An Immigrant's Ballad
Dies has felt this power of music during his travels through the American West this summer. He has been wearing his other professional hat, that of a folklorist, surveying grassroots Mexican musicians in Idaho and Oregon for the Western Folklife Center. In the process, he found that immigration serves as a recurring theme in their ballads.
A corrido is a tragic ballad. Gerardo Sagrero and his band have written a new song called "Corrido de Mi Padre," and it's dedicated to Sagrero's father, who died 20 years ago, while he and his brother were trying to cross the border into the U.S.
"They crossed by the Rio Grande in Texas, and when my father was crossing, he was stepping on some stones and carrying two bags in his hands," Sagrero says. "He slipped, and he fell into the current and was swept away.
"When I was about 16 years old, I liked corridos very much, and I was listening to other stories about people who had problems, who'd died. And that's when I felt I wanted to write a song for my father. What this corrido does for me is it brings back his memory. It makes us remember him."
The new corridos are being embraced by — and in some cases, written by — a new generation of immigrants. Fourteen students and their families at Woodburn High School in Oregon take Dies' corrido-writing workshop. Students can compose songs about anything they want, and immigration emerges as a common theme.
True Tales of Sorrow
Corridos must be true, and they follow a specific structure that includes a headline, the introduction of characters and a moral. Student Tony Ramos wrote his corrido about his uncle, who died crossing the border.
Ramos was a toddler when his parents crossed the border. Now, he wants to become a teacher, so he can educate the next generations who come to America. Ramos pays close attention to the debate over illegal immigration.
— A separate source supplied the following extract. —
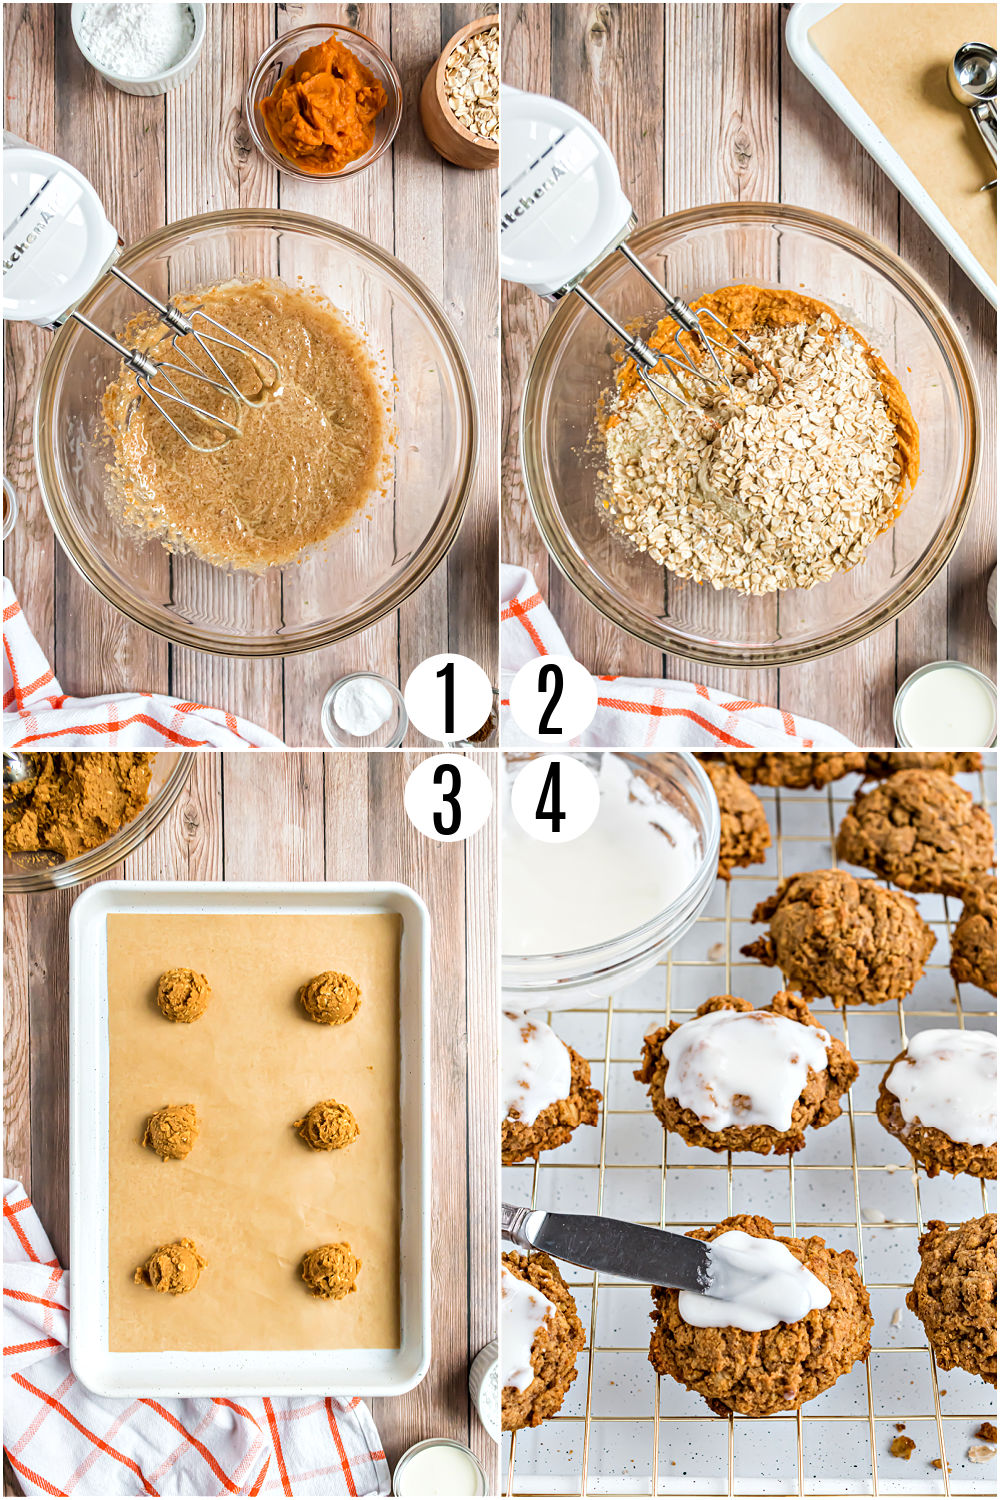 Step by step photos showing how to make healthy pumpkin cookies with icing.

"I would get angry at some of the things politicians say: 'Build a wall and keep them out.' But at the same time, I grew up here, and this country has given us a lot," Ramos says. "And it makes it hard to choose what side to be on."
Immigrant farmworkers themselves have written ballads that address the issue. Jose Garcia of Payette, Idaho, wrote one called "Embajadores," which expresses the hope that President Bush will take action to legalize undocumented workers.
Other immigrant farm workers are not as optimistic. Benigno Pedraza sings, "The doors of opportunity are closing in America, so I'm going back to Mexico."
Still others write songs to accompany their political activism. The Immigrant Ranger, as he calls himself, clenches his fist and closes his eyes as he begins a song. He wears a cowboy hat with more than 100 signatures from the people he met four years ago during the Immigrant Workers Freedom Ride to Washington.
The Immigrant Ranger has written songs about stowaway Mexicans who suffocate to death in boxcars, and about the hardships of day laborers who freeze on street corners while they wait for work.
Guthrie once said, "If the fight gets hot, the songs get hotter. If the going gets tough, the songs get tougher." Immigrant Ranger vows to keep singing until things change, and he's working with students to translate his songs into English. He wants all Americans to hear his stories.
"I think that if Woody Guthrie were alive today and he heard what we were doing, he'd be very happy," Dies says.